This action was brought by the appellant, General Motors Truck Company, against the appellee, Grover C. Runkel, by a complaint in replevin, in the usual form, to recover the possession of a one and a half ton General Motors Company motor truck of which the defendant, according to the complaint, had possession unlawfully and without right and of which the plaintiff was the owner and to the immediate possession of which it was entitled.
An answer in general denial closed the issues in this action in replevin.
Defendant, appellee here, filed a cross-complaint, asking for damages for alleged fraud in the making of the contract for purchase of the truck. Demurrer for lack of facts was then filed to each paragraph of cross-complaint; which demurrer was overruled. Appellant filed *Page 17 answer in general denial to each paragraph of cross-complaint.
Upon these different issues, the cause was submitted to a jury for trial. The jury brought in two separate verdicts, in one finding for the appellant that it was the owner and entitled to the possession of the motor truck, that appellee, defendant, unlawfully detained the same, and assessing appellant's damages at one cent. The other verdict found for appellee on his first paragraph of cross-complaint and assessed his damages at $746.33, of which amount the appellee offered to remit the sum of $55.13 claimed by appellee as the amount of interest awarded appellee in said verdict.
The court rendered judgment accordingly, and the errors relied upon for reversal are: The court erred in overruling the demurrer of this appellant to the first paragraph of appellee's cross-complaint, and that the court erred in overruling appellant's motion for a new trial.
The appellant based its right to possession upon a certain conditional-sales contract, by the terms of which title remained in the appellant until the truck was paid for.

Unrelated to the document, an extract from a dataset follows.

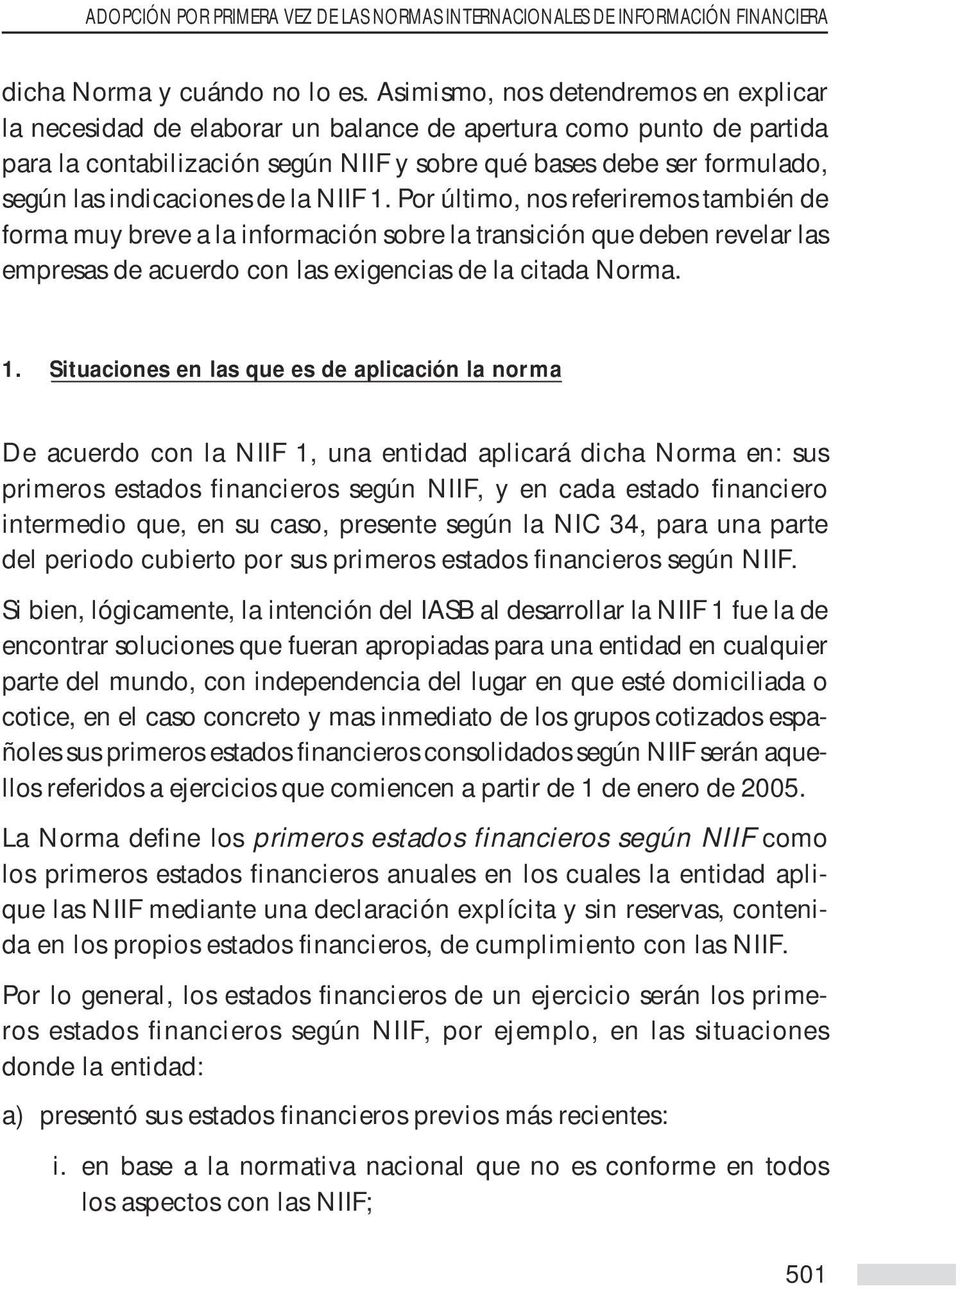 indicaciones de la NIIF 1. Por último, nos referiremos también de forma muy breve a la información sobre la transición que deben revelar las empresas de acuerdo con las exigencias de la citada Norma.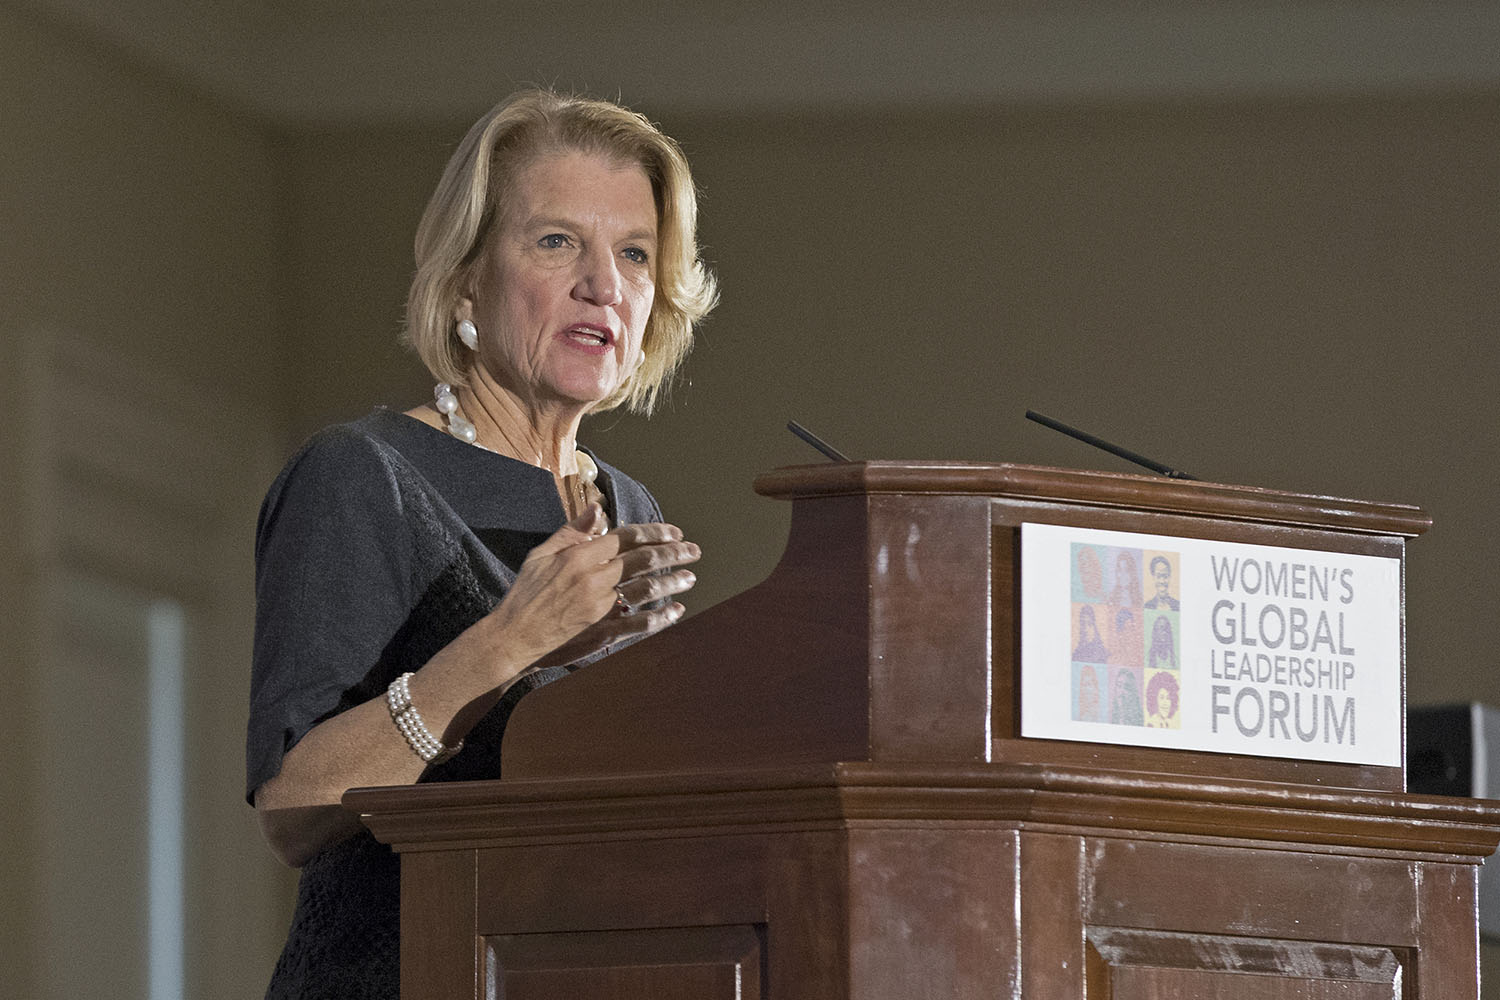 Republican U.S. Sen. Shelley Moore Capito speaking at a podium

The cross-complaint alleges that the appellee was induced to sign the contract in question by means of fraudulent representations, on the part of the appellant, upon which appellee relied, and was thereby induced to enter into said contract the facts constituting the fraud alleged in the cross-complaint.
The cross-complaint alleges the purchase price of the truck to be $2,185.33; that appellee delivered to appellant on said contract an old truck of the value of ......................... $233.85 cash ........................................... 325.35 and one payment ................................ 108.55 _________ Total ....................................... $667.75
That the truck he received was only worth ... $1,200.00 *Page 18
We thus have a case stated where the appellee retains possession of a truck which he claims to be worth $1,200.00 and has not offered to return the same to the appellant, and has defaulted in the payment of a certain monthly installment of $108.00, and asks for and is given a judgment for fraud against the appellant in the sum of $691.20, at the same time the appellant is given judgment for possession of the truck because of the default of the appellee in not paying the $108.00 installment on said truck.
Both parties rely upon the case of Peoples State Bank v.Hall (1925), 83 Ind. App. 385, 148 N.E. 486, which was a case where a truck had been sold for $3,000.00, where the proof showed it to be worth only $1,000.00, that the purchaser had paid $1,100.00 on the contract before he discovered the fraud. The purchaser in that case, as in the case at bar, elected to keep the truck, refused to pay more and sued to recover damages, which the court says, on page 390 of the opinion, is the difference between the actual value of the property as it was when received by the purchaser and what its value would have been as represented.
The difference between the case at bar and the case above cited is that the purchaser under the conditional-sales contract in the case before us had not paid the value of the property, while in the case cited the purchaser had done so.
It is clear that where the owner of the truck sold it on a conditional-sales contract, the purchaser, having been induced to enter into the contract on account of fraudulent 1-3. representations, and having paid more than its value, can keep the truck; but in the instant case, the owner of the truck elects to take possession for the failure of the purchaser to make a monthly payment; this it has a right to do.
The contract of sale is not set out in appellant's brief *Page 19 and unless the contrary is made to appear the appellant, by taking possession of the truck, rescinded the contract of sale and thereby forfeited all future payments, and the appellee had the right to recover in an action against the appellant for fraud that induced the appellee to enter into the contract. Turk v.Carnahan et al. (1900), 25 Ind. App. 125, 57 N.E. 729; QualityClothes Shop v. Keeney (1914), 57 Ind. App. 500, 106 N.E. 541;Peoples State Bank v. Hall, supra.
The cross-complaint, to which a demurrer was addressed for want of facts, states that the appellant represented that the truck in question contained and was equipped with a two-ton rear 4. axle and rear housing, when as in truth and in fact it was equipped with only a one and one-half ton rear axle and housing, which representations were false and fraudulent, and that appellee believed and relied upon said representations to his damage, etc.
The evidence is conflicting on the facts alleged in the cross-complaint.
The demurrer to the cross-complaint and the motion for a new trial were properly overruled.
We find no reversible error in the record.
We are informed that the appellee herein died on February 20, 1932. The judgment is therefore affirmed as of the date of submission.